This clear plastic template has fourteen holes in it. A scale of tenths of an inch across the top has 57 divisions (i.e. it is 5 7/10” long), and a scale of sixths of an inch along the left side has twenty-three divisions (i.e. it is 3 5/6” long). Scales of centimeters are across the bottom and along the right side. A mark on the template reads: ICL. Another one reads: CES. A third one reads: NCC DATA PROCESSING STANDARDS.
The template was distributed by the English firm ICL and, according to the accession file, was used by Dr. Shaw in the 1960s. The British firm of ICL or International Computers Ltd. was formed by a 1968 merger. The forms shown on the template are those advocated by the National Computer Center in Manchester, England, in a 1977 report.
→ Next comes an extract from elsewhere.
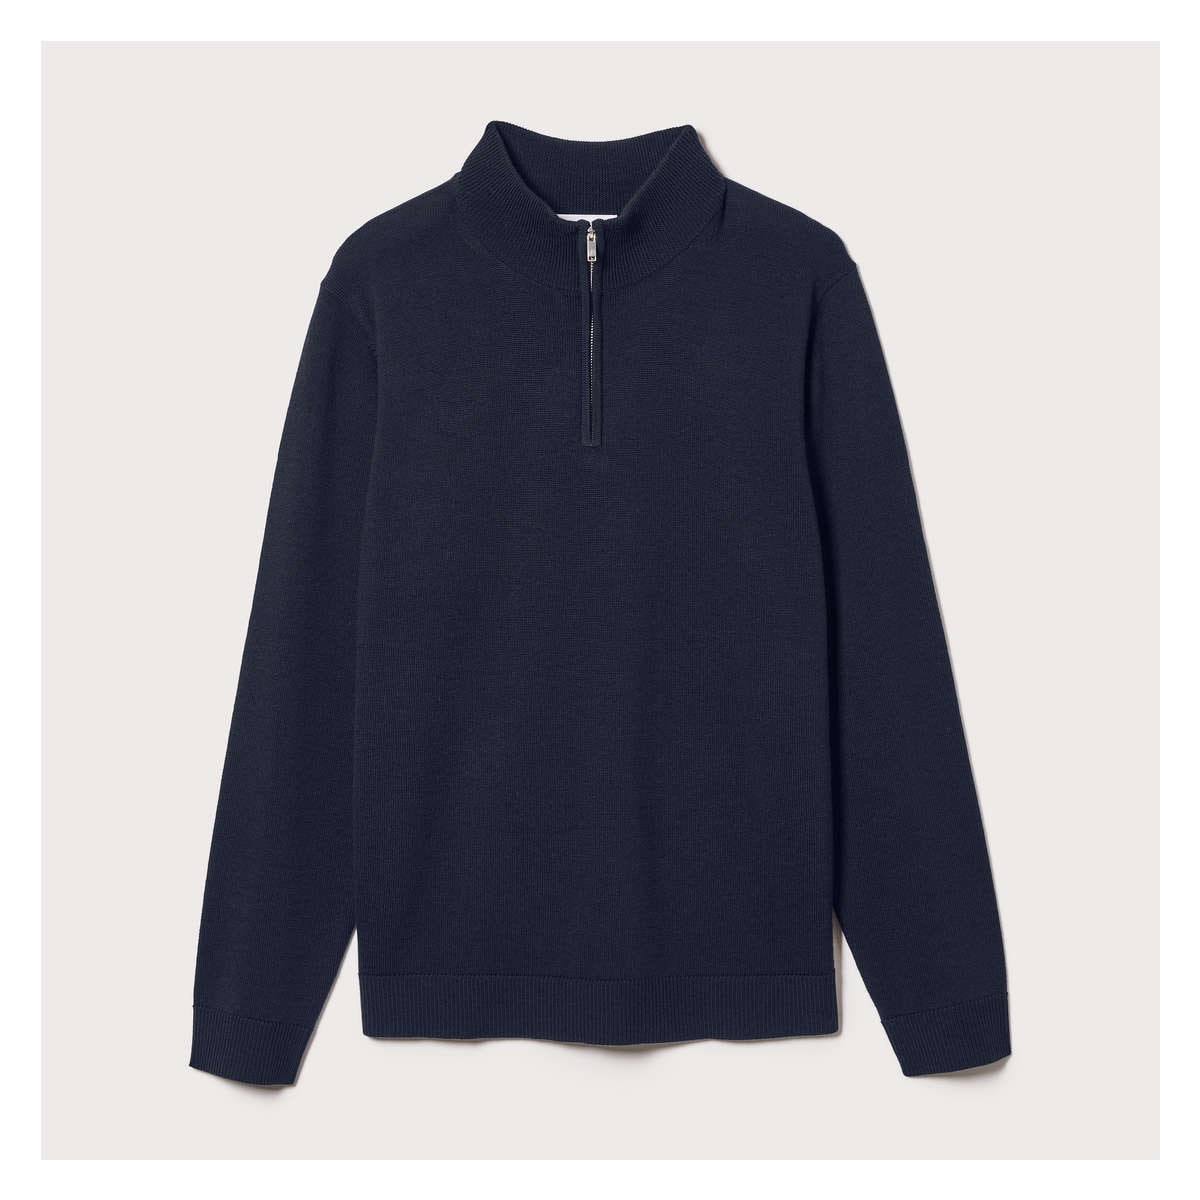 Men's Premium Quarter-Zip Merino Sweater in Dark Navy from Joe Fresh

Born in England, Mildred Shaw graduated from the teacher’s college at the University of London in 1966, obtained a B.Sc. in mathematical sciences, and then took an M. Sc. in computer science, graduating in 1972. She became the Coordinator of the Mathematics and Computer Science Department at Middlesex Polytechnic (then Trent Park College) in London. She obtained her Ph.D. in psychology from Brunel University in 1978. In 1984, she moved to Canada, first teaching at York University in Toronto and then becoming a Professor of Computer Science at the University of Calgary.
References:
Accession file.
National Computing Centre Ltd., Data Processing Documentation Standards, Manchester, England, 1977.
Robert Hadden Mole, “Mildred Shaw: A Core Constructivist,” Constructivist Chronicle, vol. 3, #1, Winter, 1999.